Vor diesem Hintergrund entschied sich das Furly-Team sofort für die additive Fertigung als Verfahren für den Bau der Prototypen sowie des ersten Verkaufsloses. Die Entscheidung für das Herstellungsverfahren war ein logischer und damit einfacher erster Schritt, schwerer wog ein weiterer Knackpunkt: Der Duschkopf muss die gesetzlichen Vorgaben für Trinkwasser erfüllen.
„Von Haus aus sind technische Konzepte für neue Hand- oder Kopfbrausen unser tägliches Brot. Im Fall von Furly nutzten wir die gegenüber dem Spritzgießen deutlich größeren gestalterischen Freiheiten der additiven Fertigung“, kommentiert Jochen Armbruster, Head of CA-Tools & Prototyping bei der Hansgrohe Group. „So konnten wir etwa Funktionen direkt in das Bauteil integrieren und die Zahl der benötigten Einzelteile dabei deutlich reduzieren. Da die Brause an das öffentliche Trinkwassernetz angeschlossen ist, benötigten wir die entsprechenden Zulassungen.
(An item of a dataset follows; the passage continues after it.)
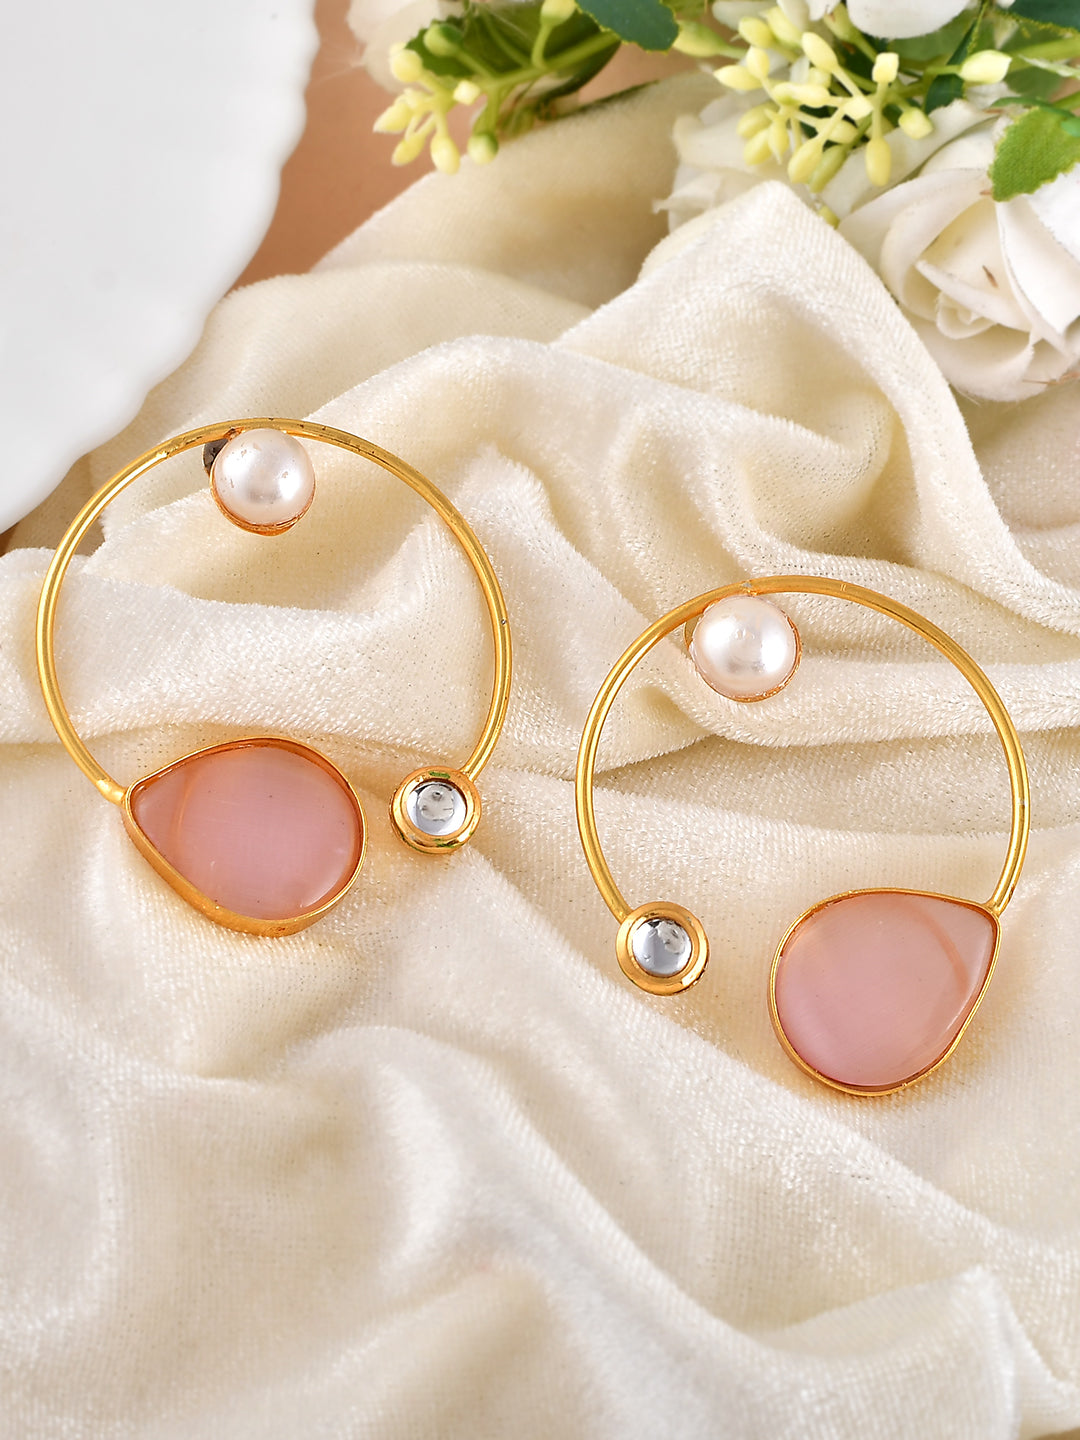 Pink Rose Quartz Stone Hoop Earrings for Women

Und die gab es für 3D-gedruckte Werkstücke weder in den USA noch in der EU.“ Somit musste das Furly-Team eine dritte große Aufgabe in das Pflichtenheft aufnehmen: Die Zulassung für den Kunststoffwerkstoff PA 2200.
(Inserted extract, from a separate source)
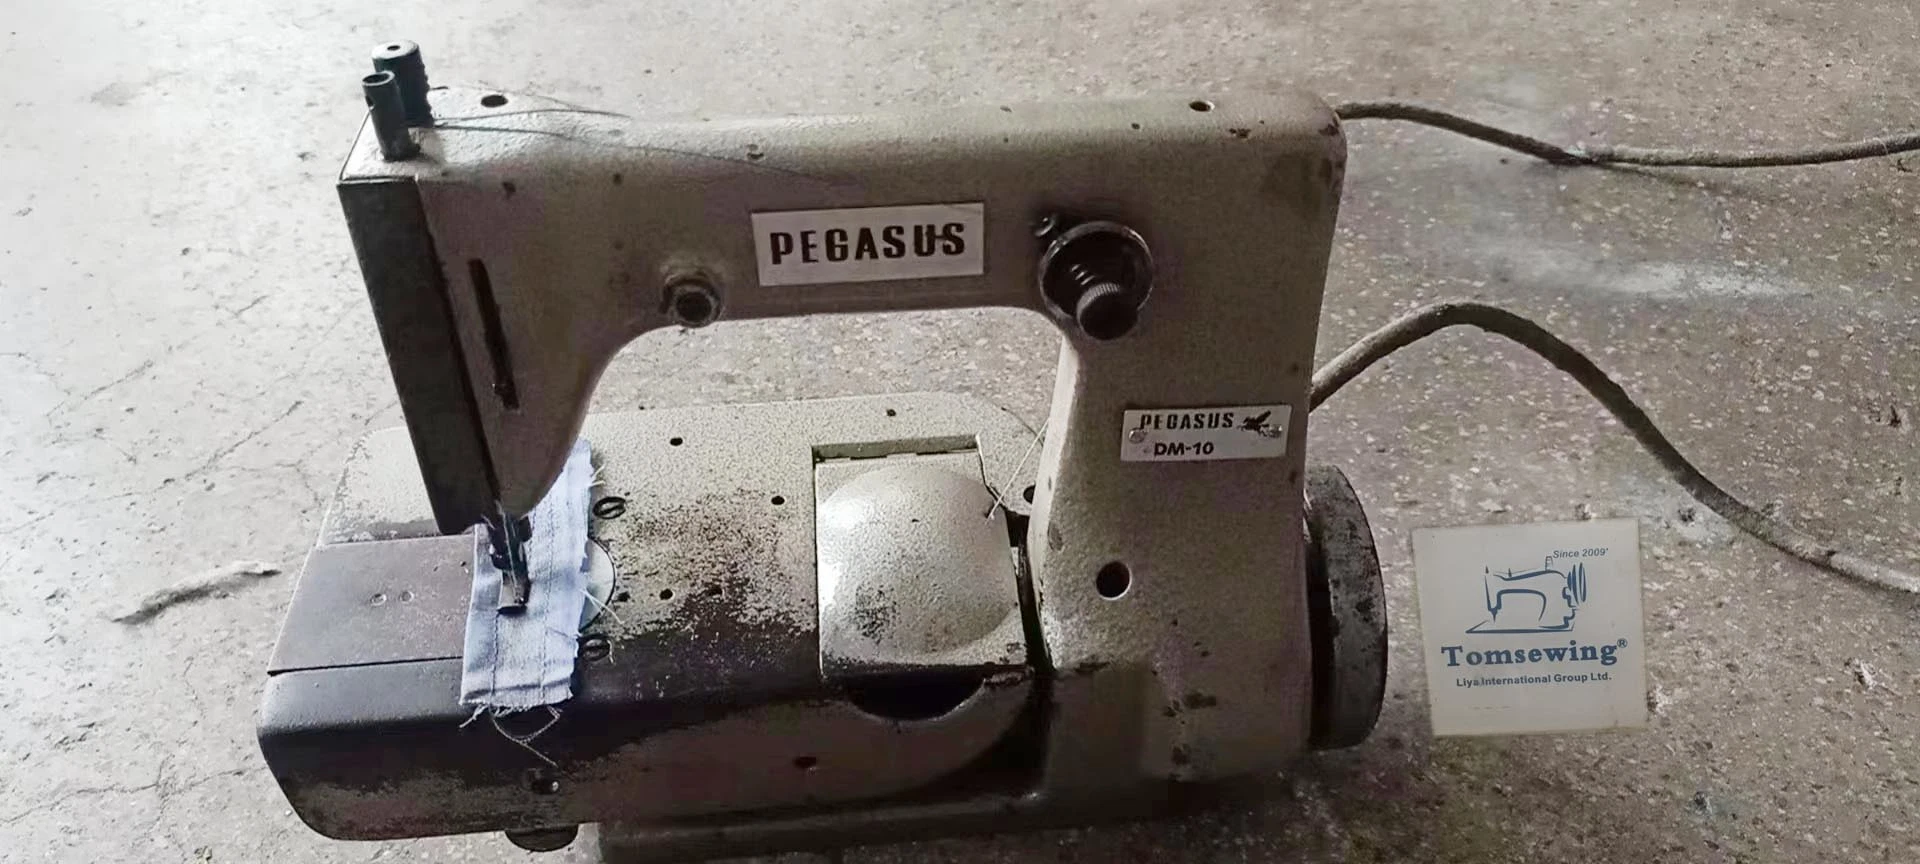 Utiliser une machine à coudre de gant de seconde main Chainstitch Pegasus DM-10 MAQUINAS DE Coser Industriales Usedas

Trinkwasser-Zertifizierung für PA 2200
In enger Kooperation zwischen Hansgrohe und EOS gelang es, die Trinkwasser-Zertifizierung des Materials für das Additive Manufacturing (AM) zu erhalten: EOS stellte den pulverförmigen Werkstoff PA 2200 und erforderliche Auszüge der patentrechtlich geschützten, von EOS eigens kreierten Rezeptur mehreren Laboren zur Verfügung. Die Verträglichkeit mit Trinkwasser wurde ausnahmslos bestätigt und erlaubte damit erstmals den Einsatz von PA 2200 in Sanitärarmaturen. Mit dieser Zulassung startete Hansgrohe den Bau des Furly-Prototypen sowie des ersten Serienloses von 5.000 Stück mit einem EOS P 396-Drucker.
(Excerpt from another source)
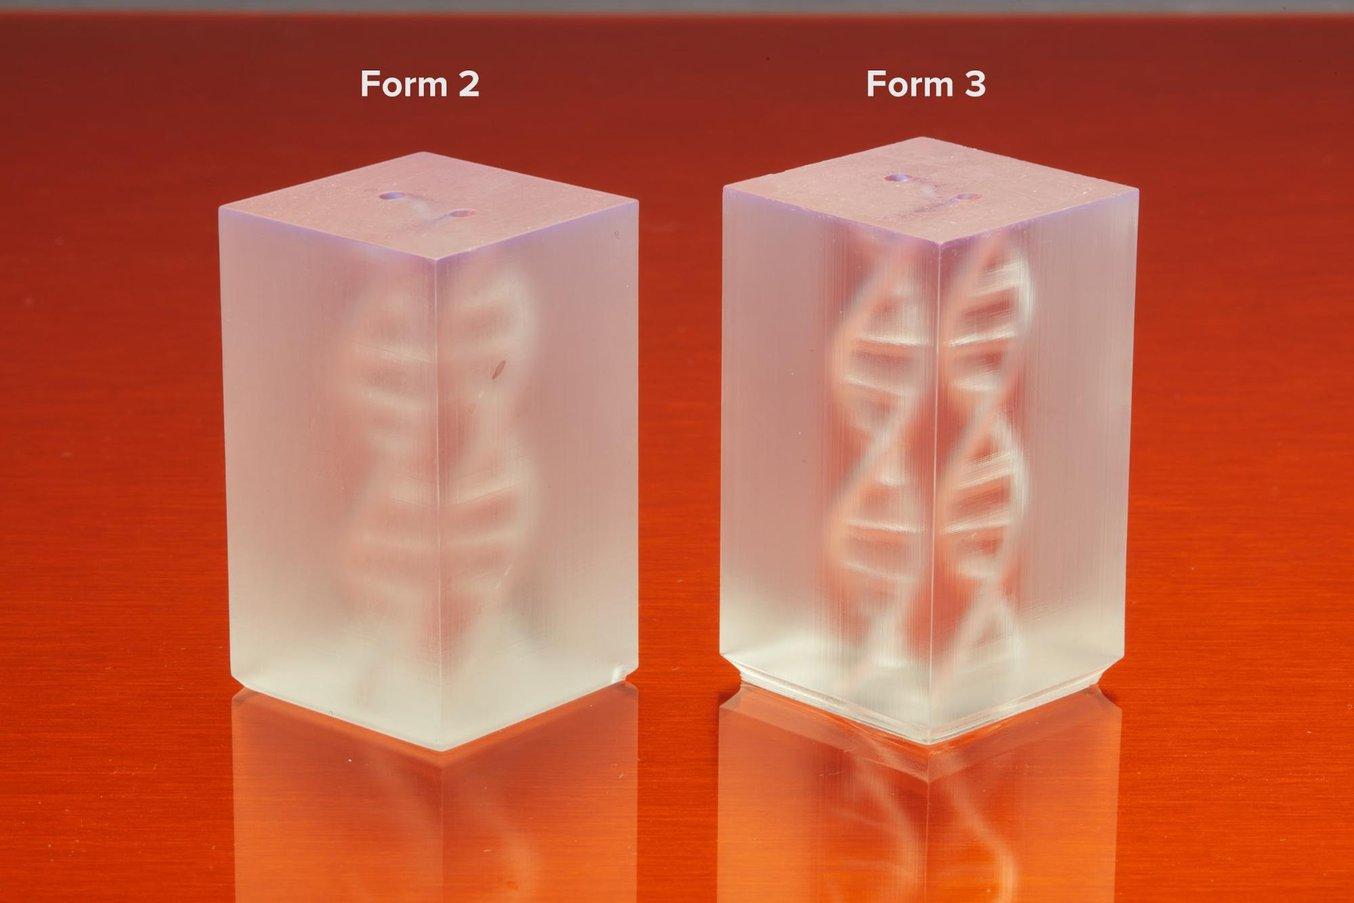 Der flexible Harztank beim LFS 3D-Druck verringert Abzugskräfte, was zu transparenteren Teilen mit glatter Oberfläche führt, wie bei diesen Modellen aus Clear Resin zu sehen.

Um ein einzelnes funktionsintegriertes Bauteil produzieren zu können und dieses nur um wenige Standardteile ergänzen zu müssen, plante das Furly-Team gleich eine entsprechende Materialbearbeitung ein. An den Schnittstellen der Bauteile wird eine standardisierte O-Ring-Dichtung eingebaut. Hierfür muss die Oberfläche der Hundebrause besonders glatt gedruckt werden, um sie nicht aufwändig mechanisch nachbearbeiten zu müssen. Auch die Haptik und Haltbarkeit sollte den hohen Standards der Hansgrohe-Gruppe genügen.
Die Prototypen der Hunde-Duschbrause wurden immer wieder auf ihre Alltagstauglichkeit getestet und die Datensätze entsprechend angepasst. Mit dem so entstandenen Design kann einfach per Knopfdruck zwischen verschiedenen Wasserstrahlarten gewählt werden. Eine weitere praktische Idee ist die im Griff integrierte Wasserbremse: Sobald die Brause losgelassen wird, stoppt der Wasserfluss. Mit diesem Konzept ist die Bedienung mit nur einer Hand möglich.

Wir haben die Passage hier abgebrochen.